> [What is expected]: Below are the records; give again exactly the lines from the one containing "Issue 15, Page 24" through the one containing "Official Image Dior", leaving out pictures.

> [Task input]:
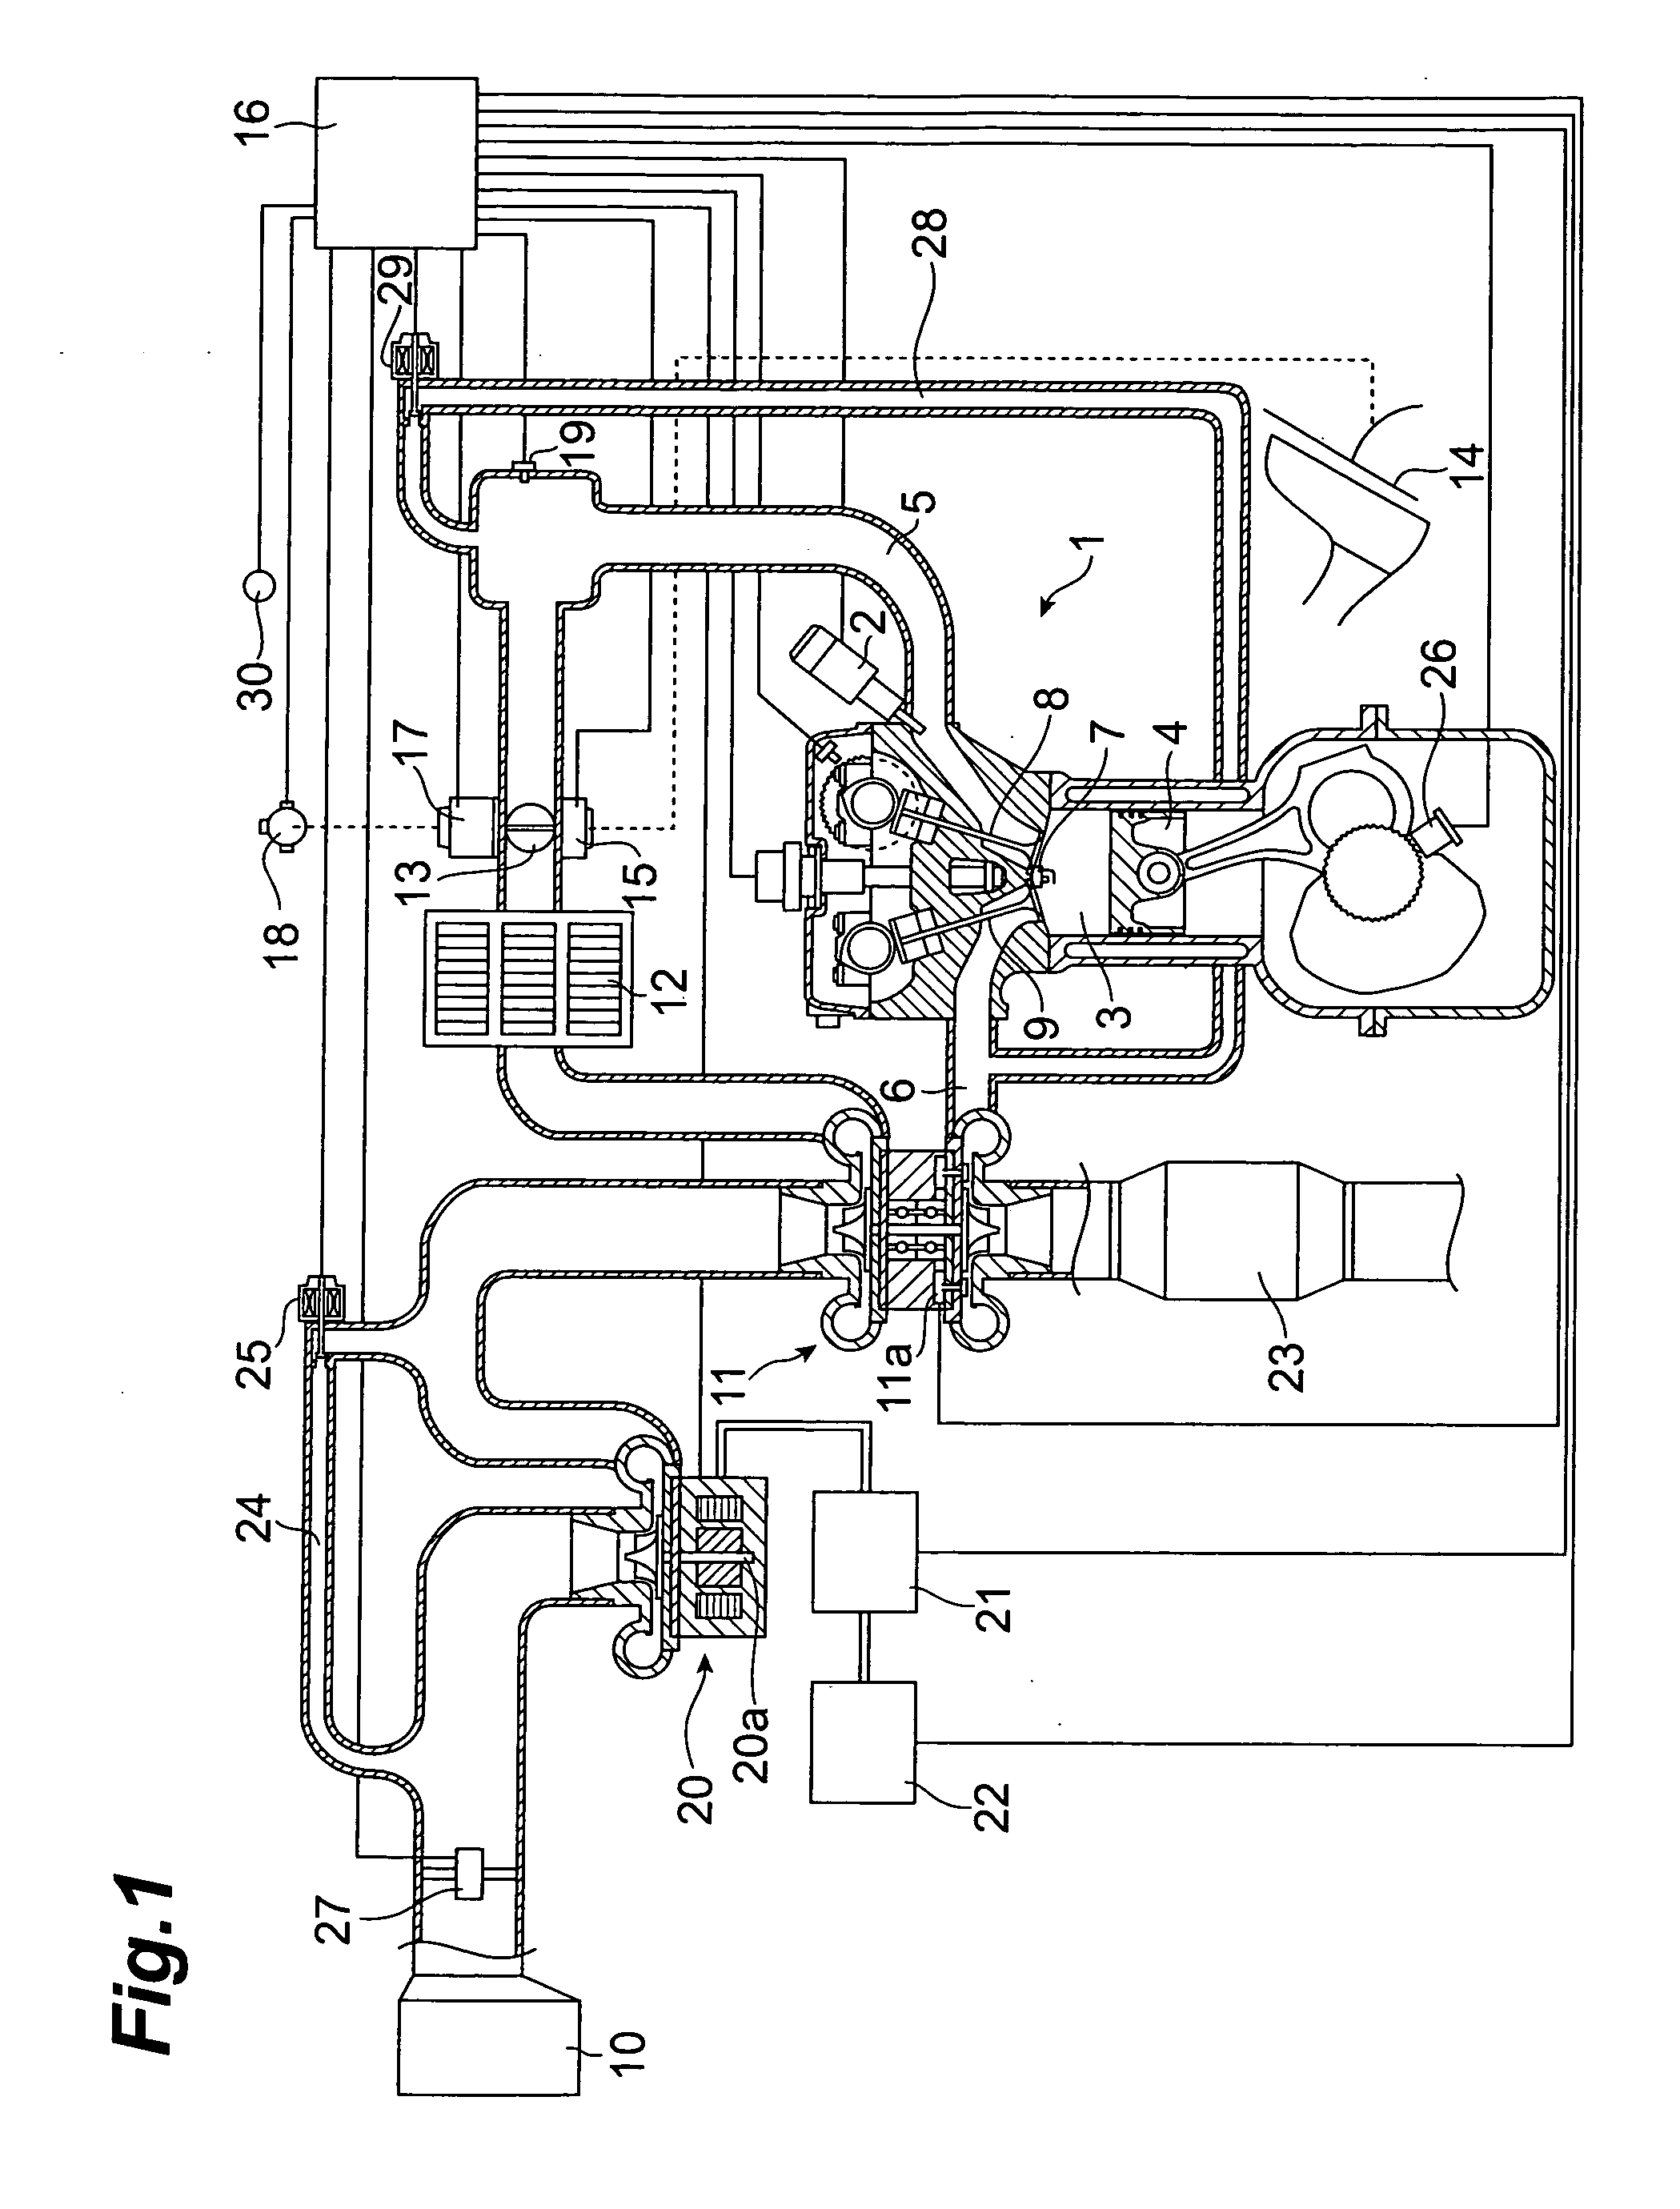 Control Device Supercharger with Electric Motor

--

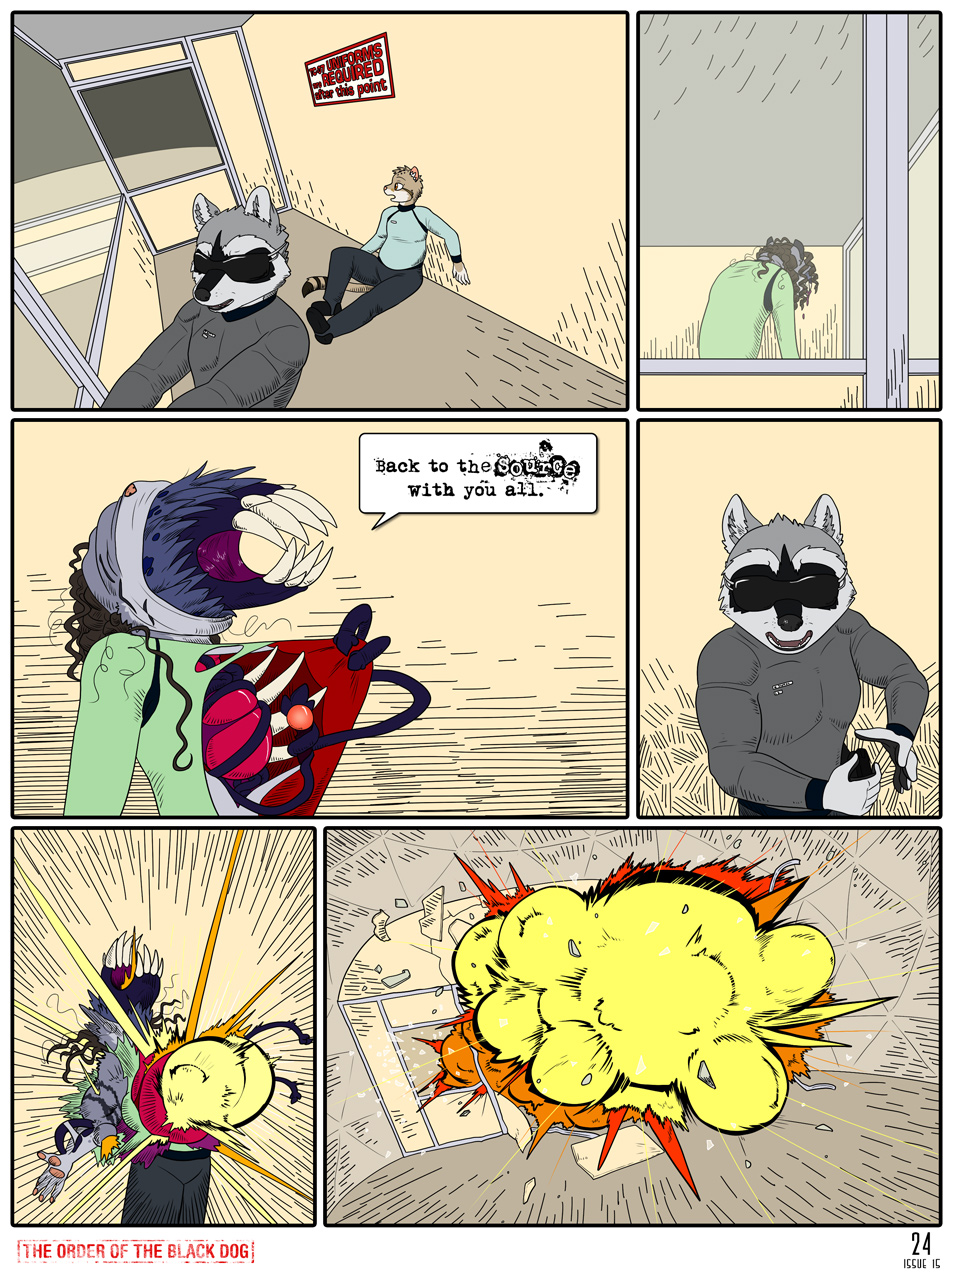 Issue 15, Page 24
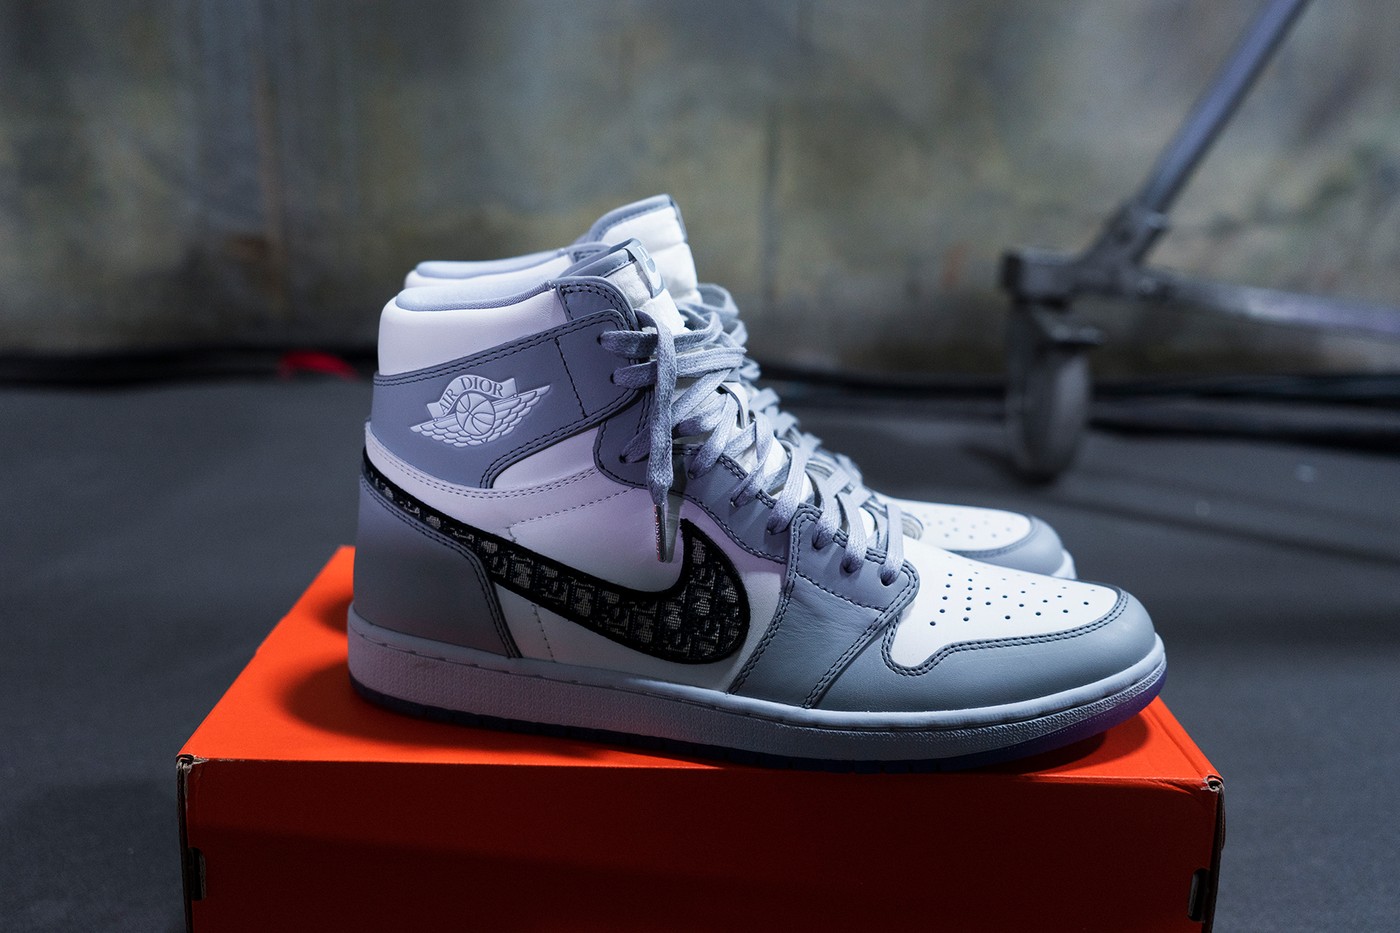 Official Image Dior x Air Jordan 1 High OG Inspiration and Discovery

> [Answer to the problem]:
 Issue 15, Page 24
 Official Image Dior x Air Jordan 1 High OG Inspiration and Discovery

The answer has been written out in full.